■ **About this task**:
Records follow. Print exactly the lines from the one that has "Scotch & Soda" through the one that has "Primary image of", inclusive, and omit the pictures.

■ **Information provided**:
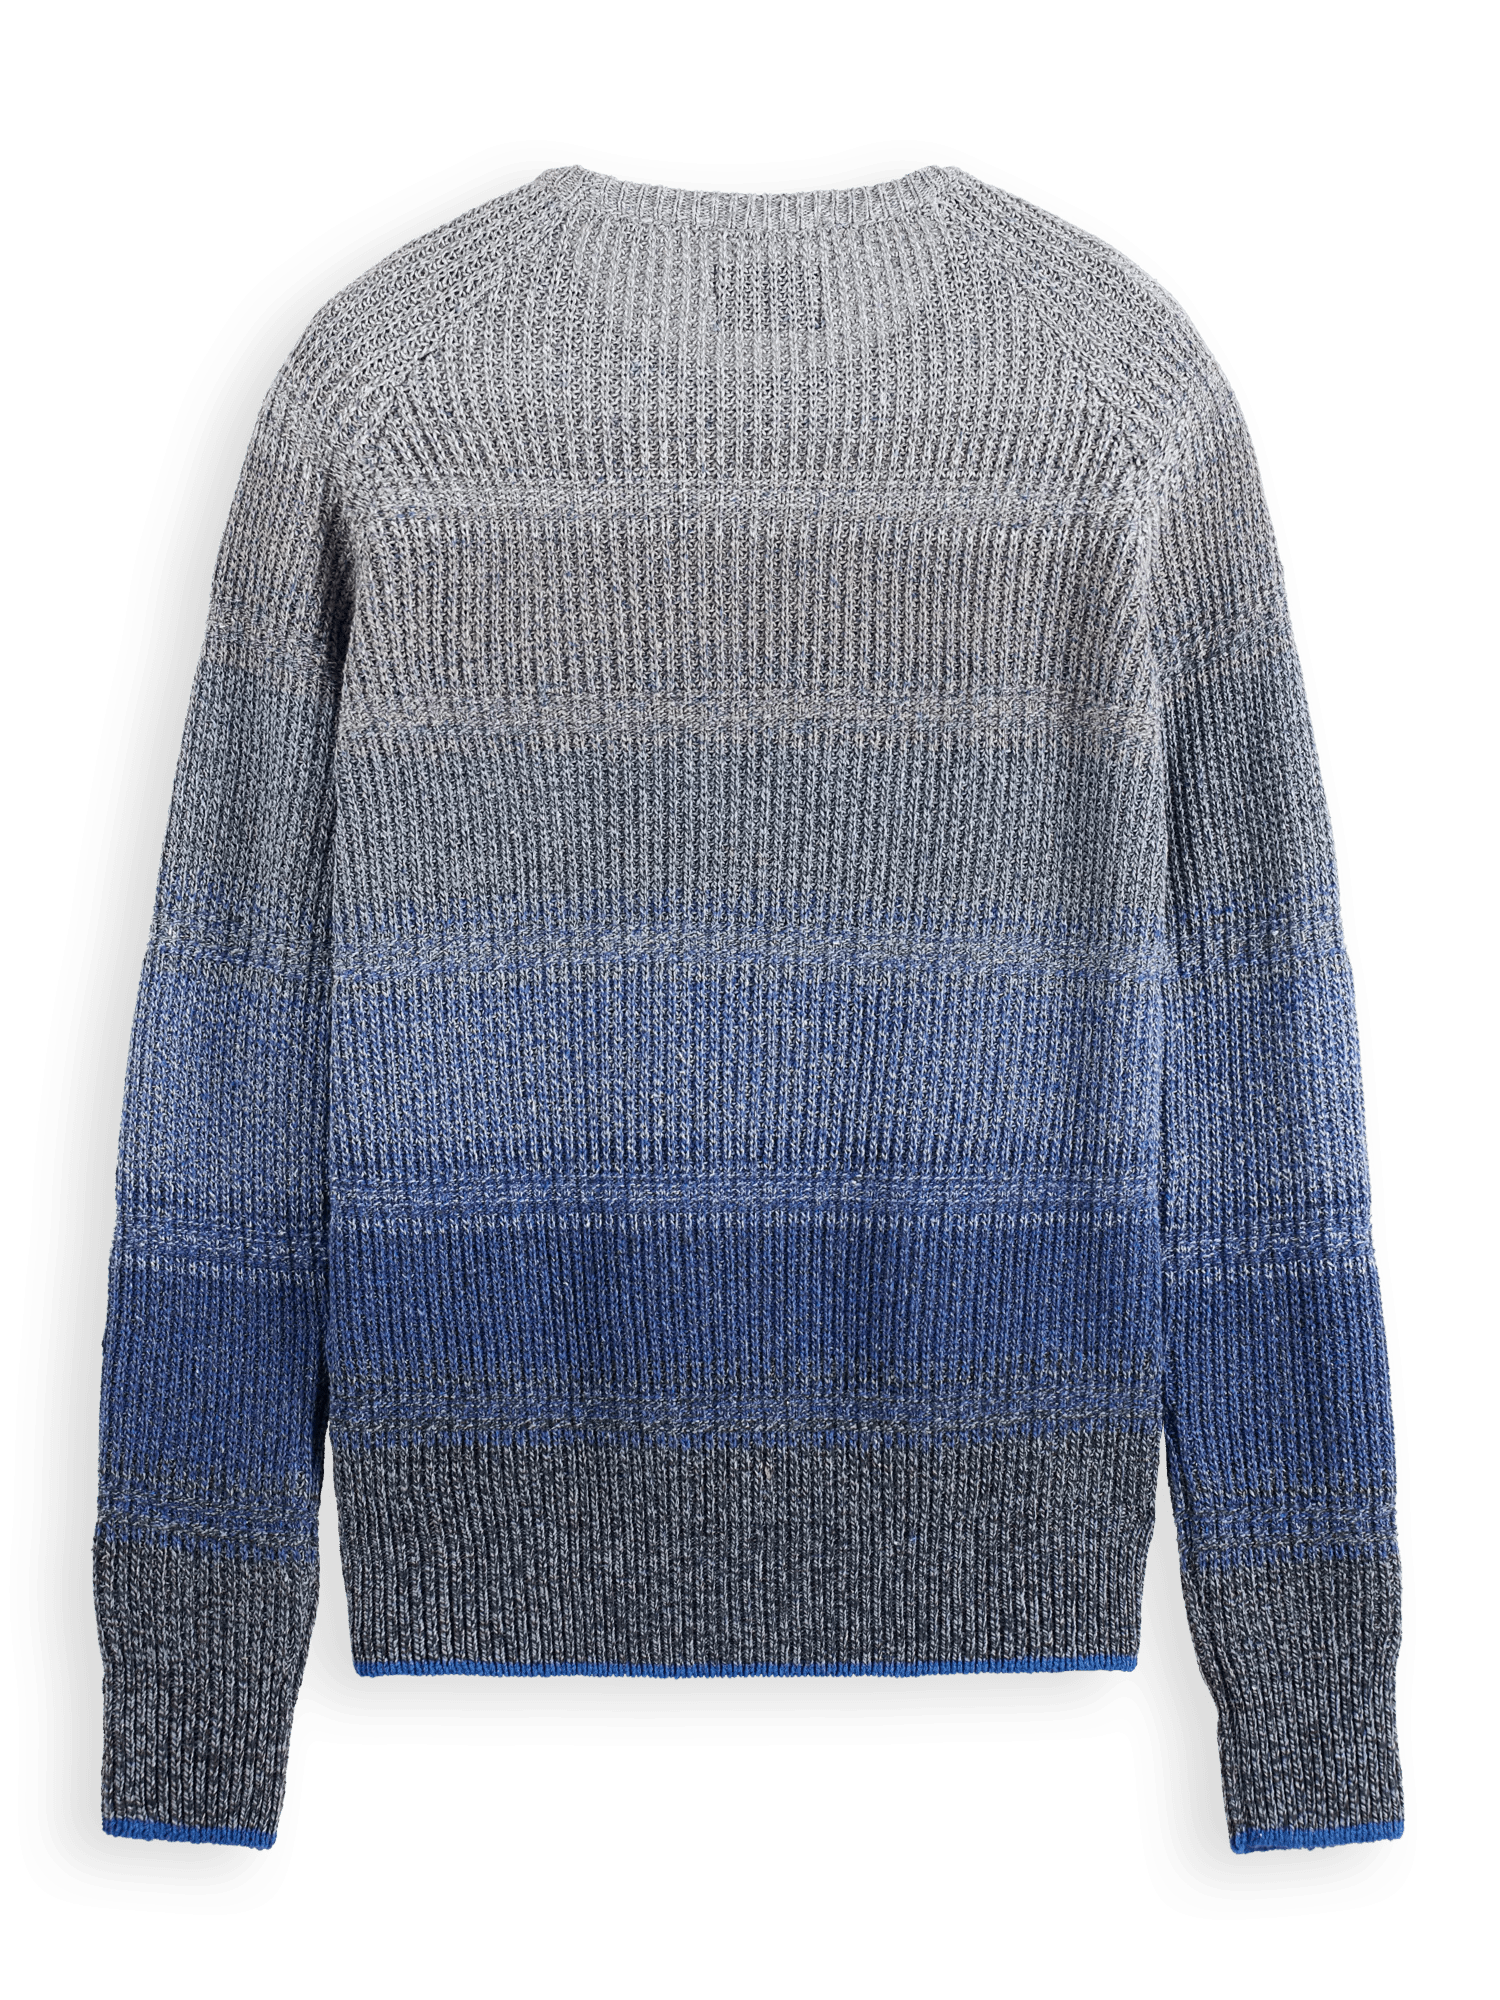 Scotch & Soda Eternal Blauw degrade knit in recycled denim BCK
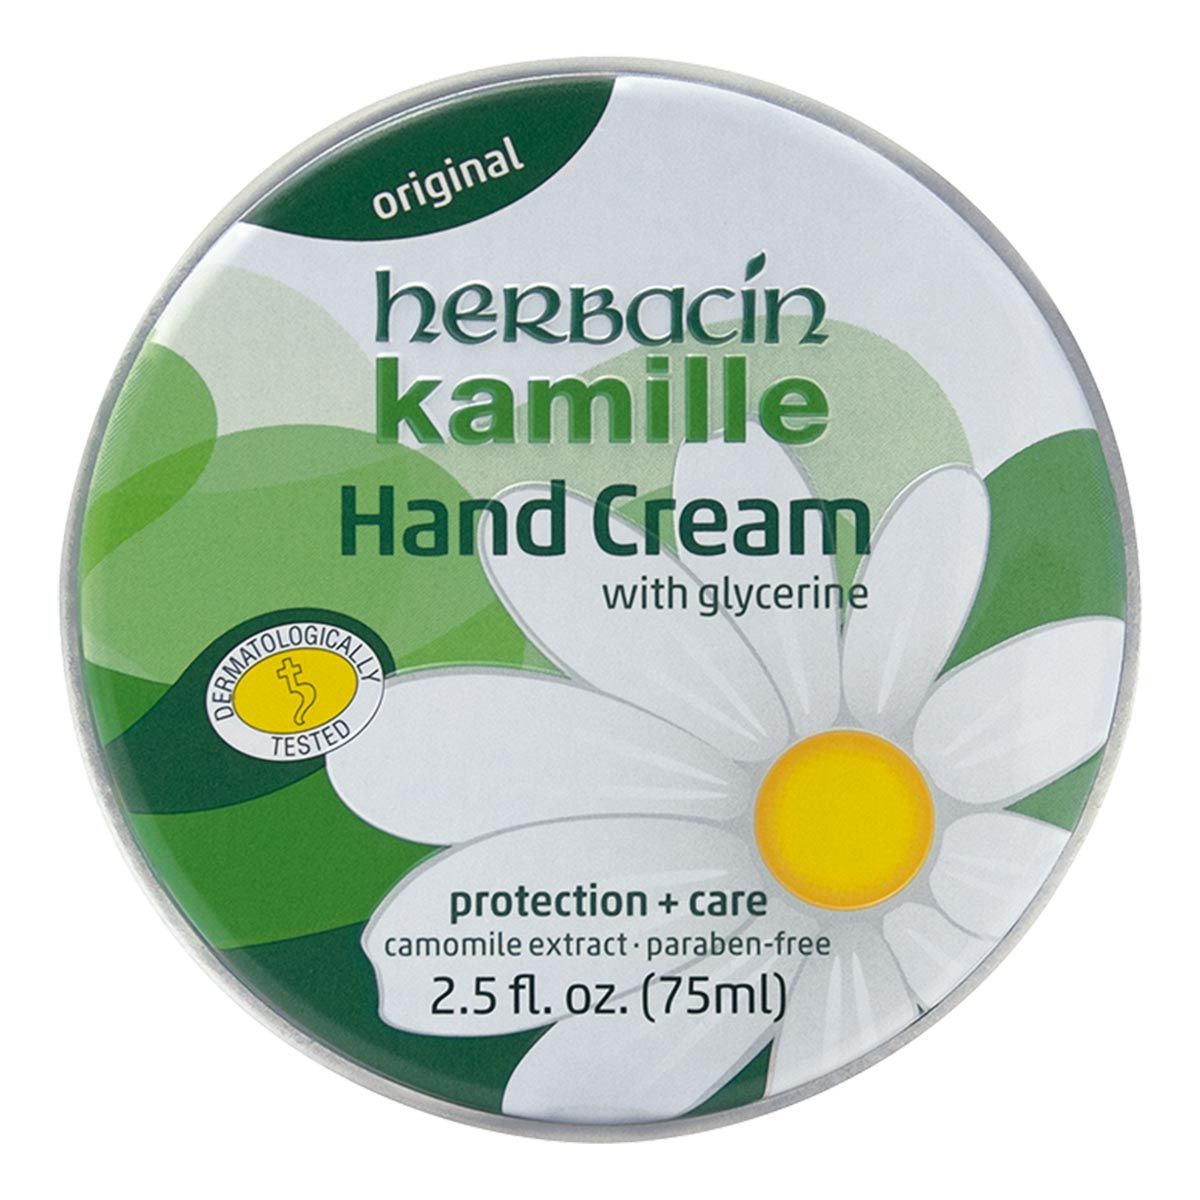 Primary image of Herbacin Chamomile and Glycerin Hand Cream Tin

* * *

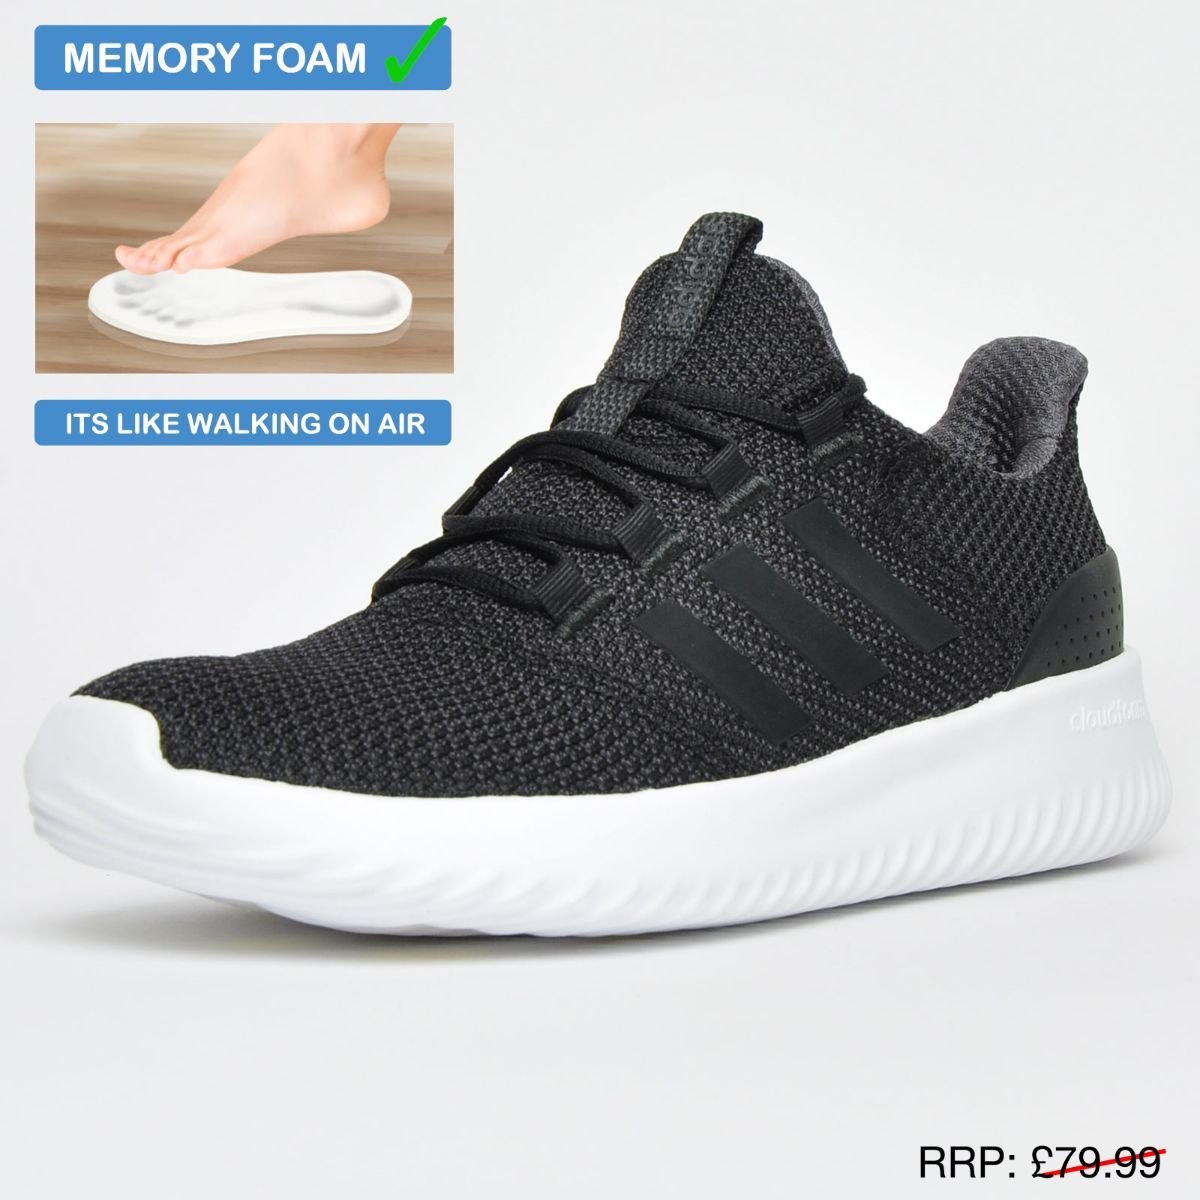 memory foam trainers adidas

■ **Response to the task**:
 Scotch & Soda Eternal Blauw degrade knit in recycled denim BCK
 Primary image of Herbacin Chamomile and Glycerin Hand Cream Tin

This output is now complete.